_Task statement_
Give again, word for word, every line in the entries below from the line with "Mieszkanie 40,72 m², piętro" up to and including the line with "Pramipexol HEXAL® 1,57 mg", and no other line.

_Extracted data_

((

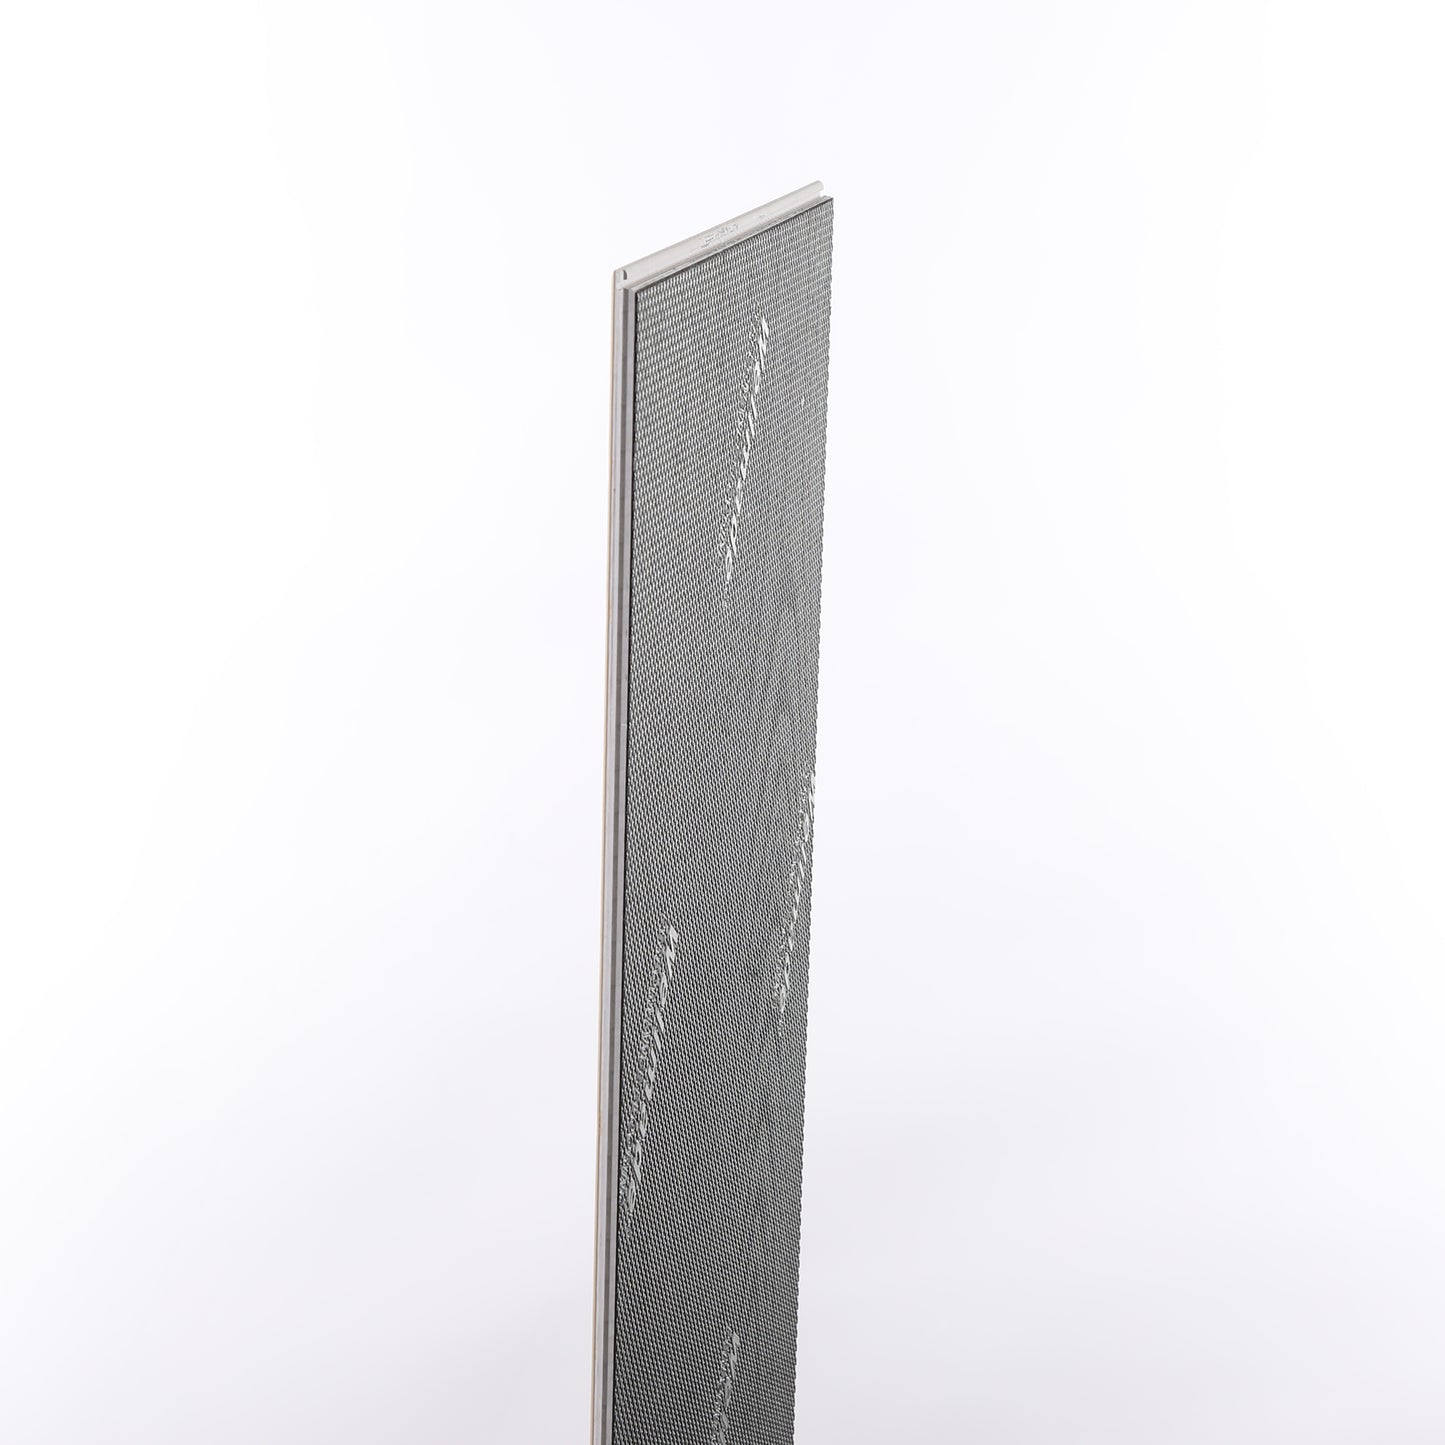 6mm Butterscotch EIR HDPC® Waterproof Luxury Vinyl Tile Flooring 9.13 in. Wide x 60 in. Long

))
((

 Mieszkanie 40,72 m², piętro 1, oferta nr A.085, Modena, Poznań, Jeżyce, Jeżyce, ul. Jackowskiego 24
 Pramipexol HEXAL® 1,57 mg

))

_Response to the task_
 Mieszkanie 40,72 m², piętro 1, oferta nr A.085, Modena, Poznań, Jeżyce, Jeżyce, ul. Jackowskiego 24
 Pramipexol HEXAL® 1,57 mg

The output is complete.